Same code with shorter syntax:

penguins_adelie_chin <- filter(.data = penguins, 
                                species %in% c("Adelie", "Chinstrap"))


💻 Practice: Logical Operators with filter()

Logical operators are often used together with the filter() function from dplyr

Practice using them with the penguins dataset:

  • Task 1: Get all Adelie penguins with flipper length greater than or equal to 180 mm

  • Task 2: Get all penguins on Dream and Torgersen islands that are not female

Share your code here: https://codeshare.io/5zlNLE

3. Main dplyr functions

Recap of What Learned so Far

Conceptually, any data transformation using dplyr requires us to:

  1. Identify the data frame and the variables we need

  2. Use dplyr functions to tell R what action to take on which variable(s). These functions:

    • Act like verbs in a sentence: they express what to do with the data
    • Can be combined to perform complex operations
  3. Save the result, usually into a new object (a new dataframe)

Key dplyr Functions

The package dplyr has many functions, but you don’t need to memorize them all!

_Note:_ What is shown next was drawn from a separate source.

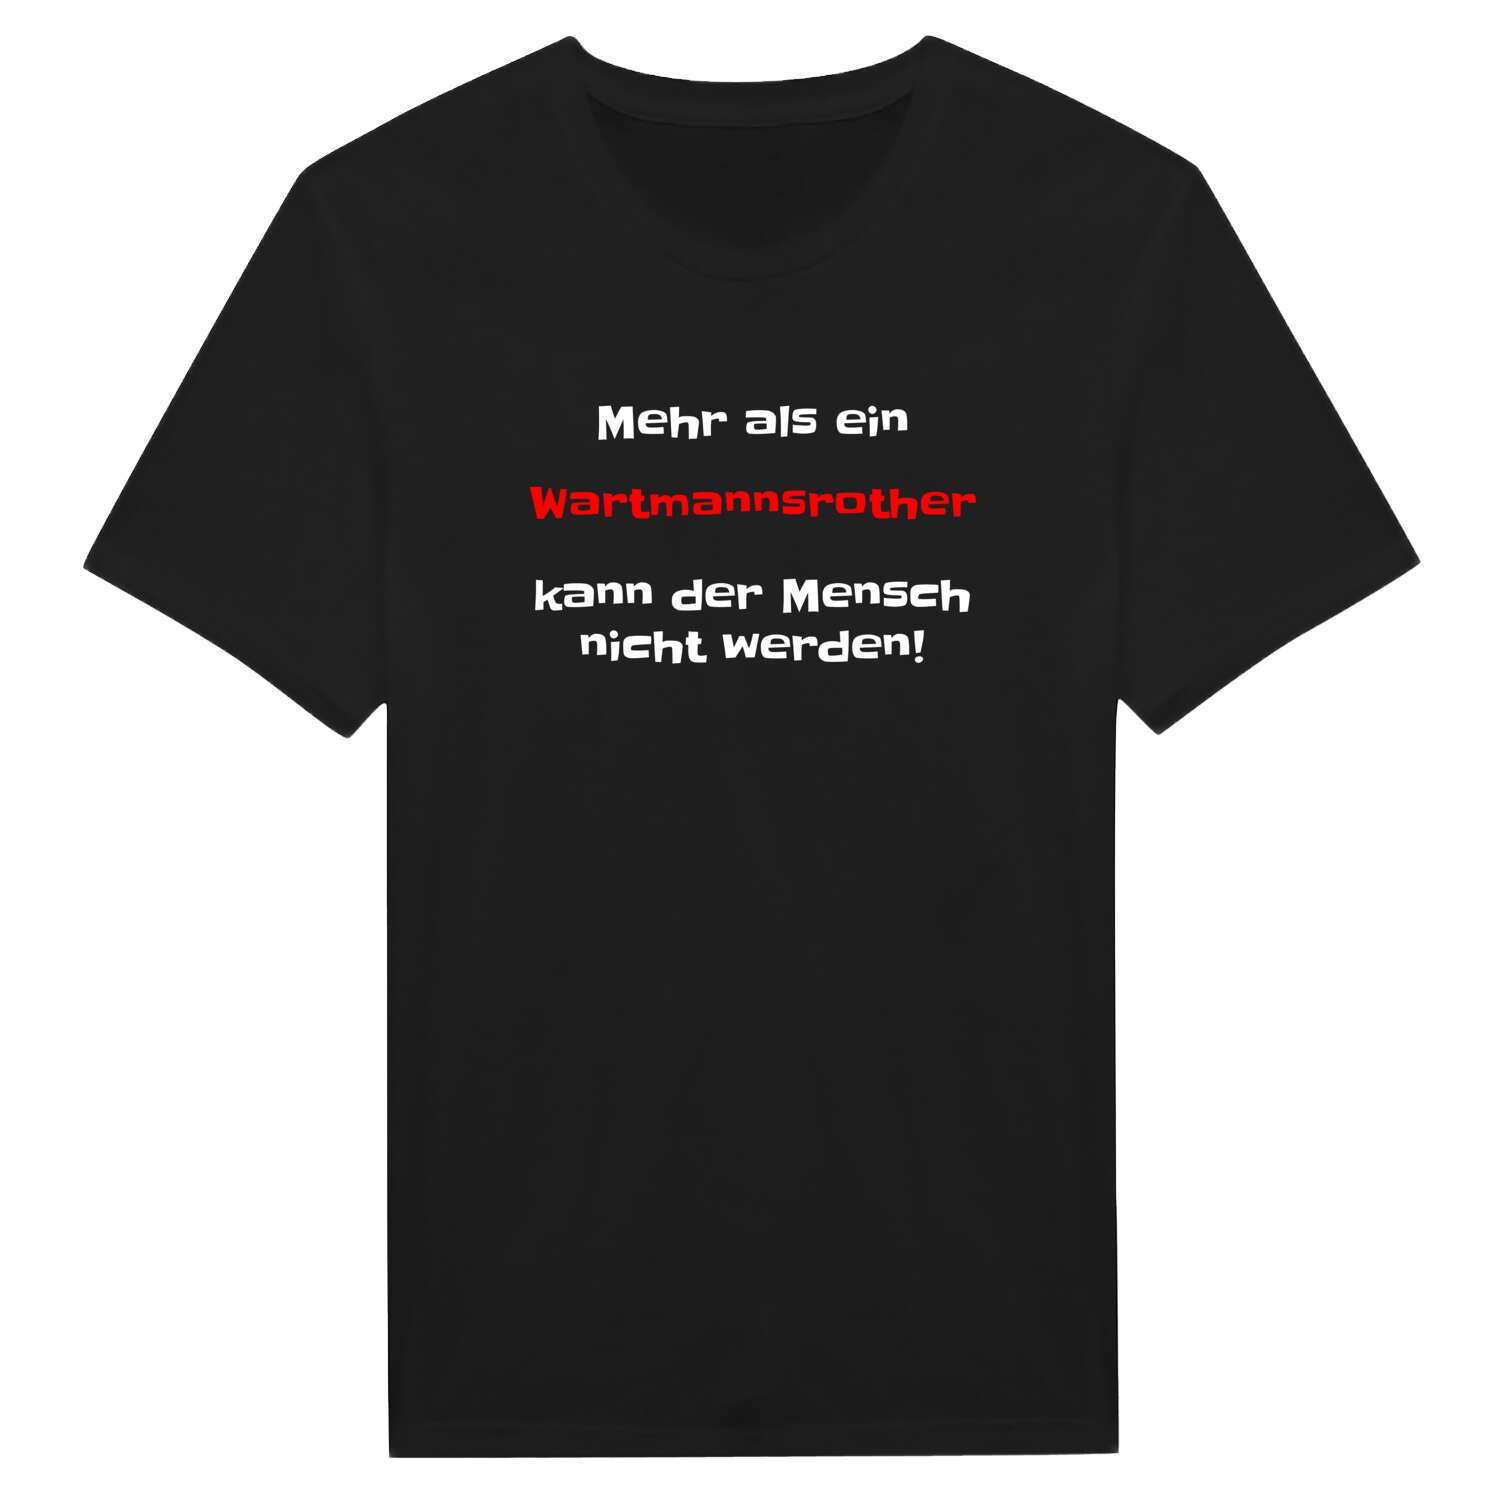 Wartmannsroth T-Shirt »Mehr als ein«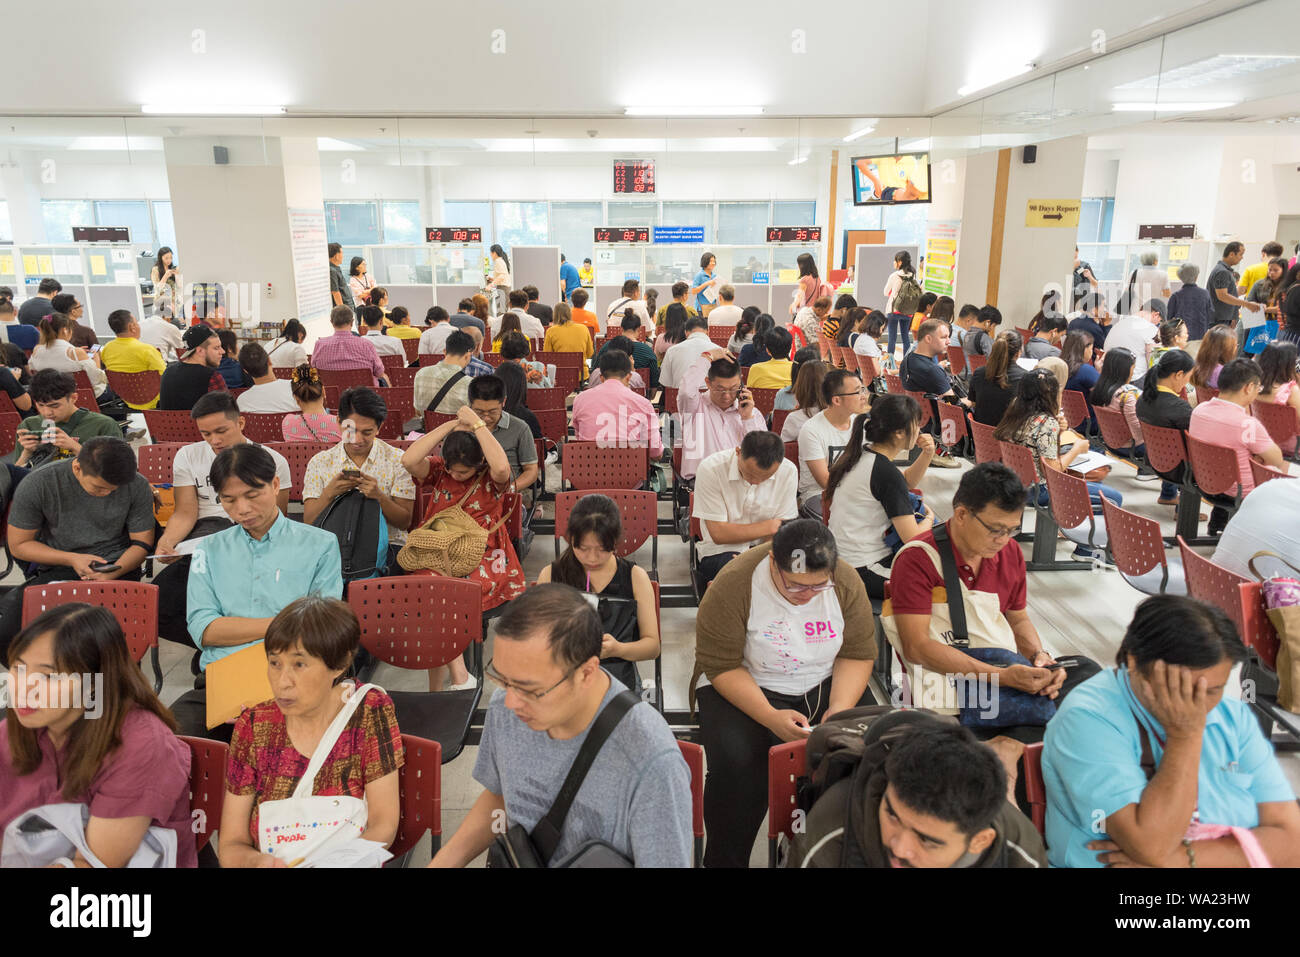 Bangkok - 11 juillet 2019 : les gens attendent pour demander une prolongation de visa et se re-entry permit au bureau d'immigration de la Thaïlande surpeuplés. Banque D'Images

OUR GOALS: Memorize the key functions + Know where to look up the rest dplyr.tidyverse.org

The next slide summarizes the most common dplyr functions to memorize.

Key dplyr Functions

function() What it does
filter() Selects rows based on values in one or more columns
arrange() Reorders rows based on the values in specified columns
select() Chooses specific columns by name
rename() Renames one or more columns
mutate() Adds new columns or modifies existing ones
group_by() Groups the data by one or more variables for grouped operations
summarize() Reduces each group to a single row using summary statistics (e.g., mean, sum, n)


Tip for Remembering These Functions

Each row is an observation (e.g., one penguin) and each column is a variable (e.g., species, body mass). Some functions works on rows like filter(), arrange() others on columns like select(), mutate(). Think before coding!


Unpacking group_by()

This function tells R to temporarily group the data by one or more variables, so the next function runs within each group. For example, this code groups the data by species, so whatever runs next (here summarize) happens for each species separately:

grouped <- group_by(penguins, species)
summarize(grouped, avg_mass = mean(body_mass_g, na.rm = TRUE))

What group_by() Does

group_by() doesn’t change your data: it changes how the next function treats the data. It’s usually used right before summarize(), fiter(), mutate(), or arrange() to make those functions run once per group, not across the whole dataset.

💻 Practice

What is the average body mass for Adelie penguins by sex?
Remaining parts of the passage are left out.